The treatment of coronavirus infections is a rather complex clinical task. It is known that in the process of biological evolution, nature has endowed the human body with an excellent mechanism to resist viral attacks, which is implemented in the system of cytokine proteins — interferons (IFN).
The history of interefron polypeptides began more than 60 years ago, when Alik Isaacs and Jean Lindemann discovered the phenomenon of viral interference: cells infected with viruses produced a protein that inhibited the growth of these viruses. Interferon provides both innate and systemic reactions of the body in response to a viral attack [1].
Type I interferons (IFN-α, IFN-β provide the expression of interferon-stimulated genes (ISG), stimulate antigen-presenting functions of macrophages, increase the synthesis of cytokines, enhance the activity of natural killers (NK cells) and dendritic cells. Through protein kinase, oligoadenylate synthetase accumulates, leading to to the formation of 2,5-oligoadenylic acid — it activates cellular endonuclease, which destroys viral RNA molecules.
Figure 1. Scheme of the antiviral action of interferon
Studies have shown that an increase in the production of type I IFN is observed 30–40 minutes after viral entry into the cell [2,3].

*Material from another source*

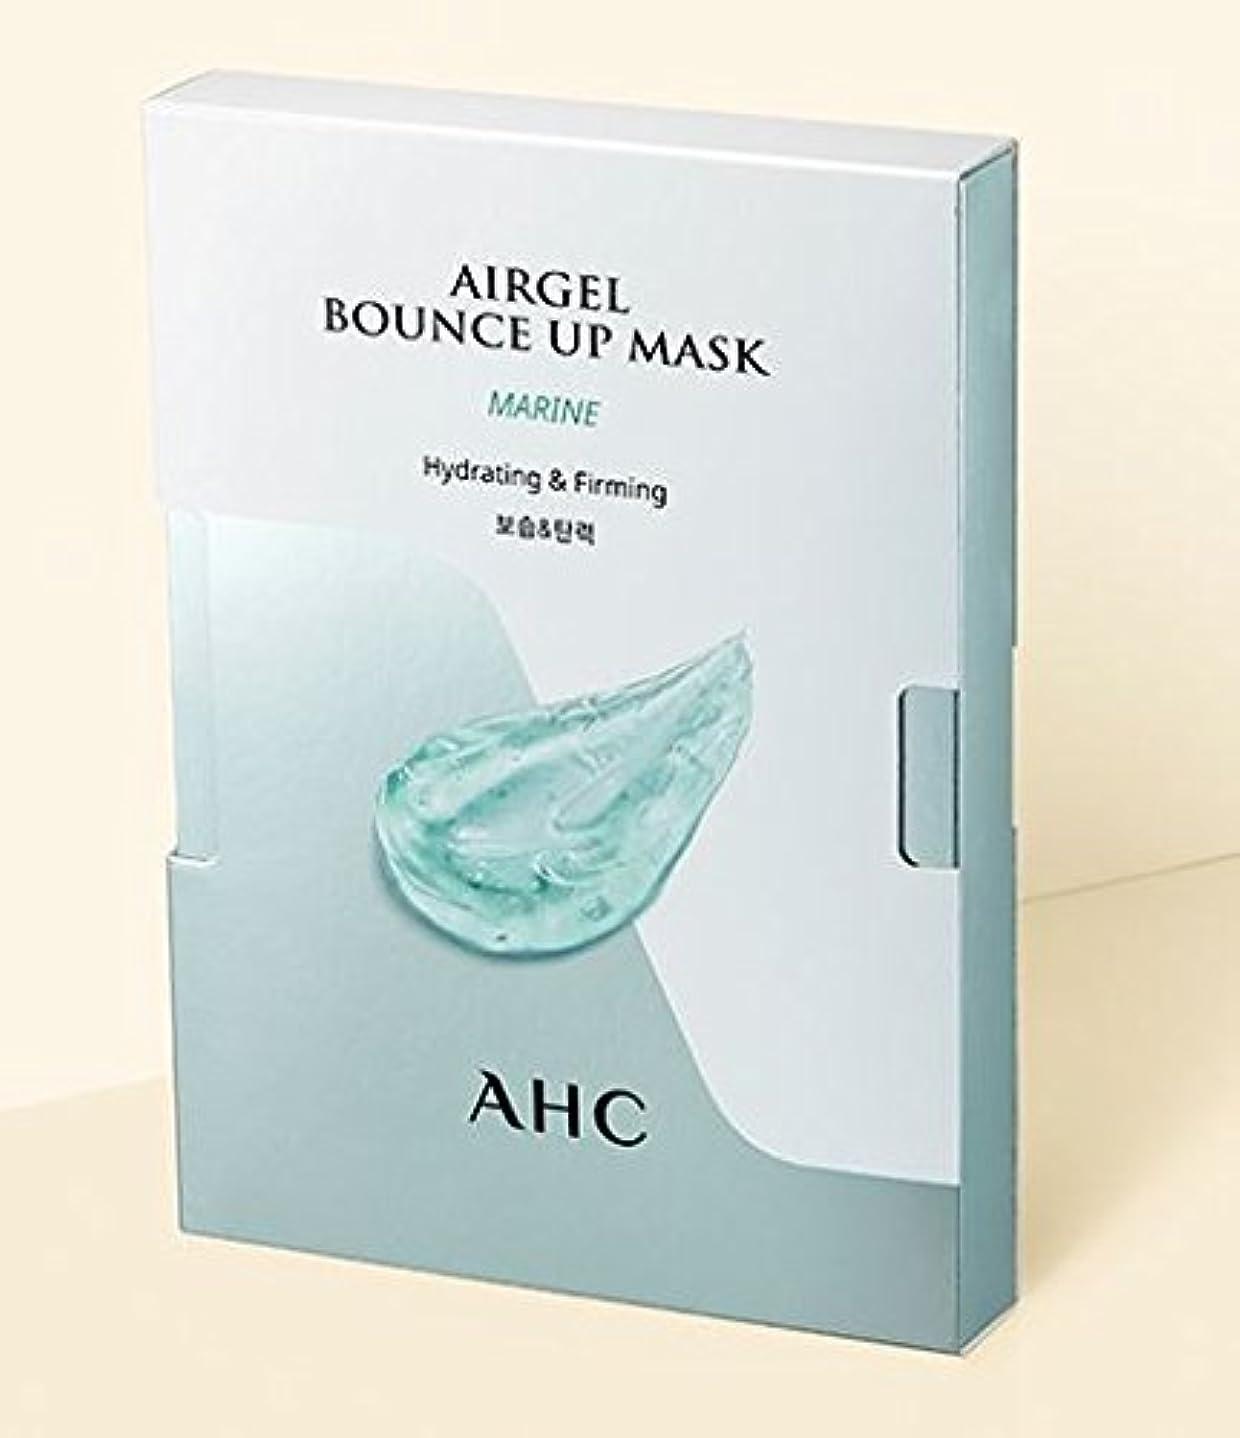 形式協力する待つ[A.H.C] Airgel Bounce Up Mask MARINE (Hydrating&Firming)30g*5sheet/マリンエアゲルマスク30g*5枚 [並行輸入品]

In 1981, S. Levin et al. for the first time revealed congenital and acquired disorders in the interferon defense system associated with a low level of endogenous interferon synthesis. French researchers C. Le Page et al. proved that an acute viral infection is characterized by an increased level of IFN, more than 70% of the cells of the body are in the status of an antiviral regime, but in severe forms of viral diseases, the interferon system of the body experiences functional depression and interferon deficiency. There is no interferon depot in the body. VV Malinovskaya et al. (2005) clarified that acute viral infection also leads to transient immunosuppression and depletion of the interferon pool in the body [4,5,6].
In the process of evolution, coronaviruses, like other viruses, have developed a molecular biological mechanism for inhibiting IFN in cells. The NS1 influenza virus protein can block the expression of type I and III IFN genes, and the PA-X protein suppresses the expression of cellular immune response genes — it inhibits the synthesis of protein kinase R, an important factor in antiviral protection, IFN types I and III are responsible for the synthesis of this enzyme [ 7,8].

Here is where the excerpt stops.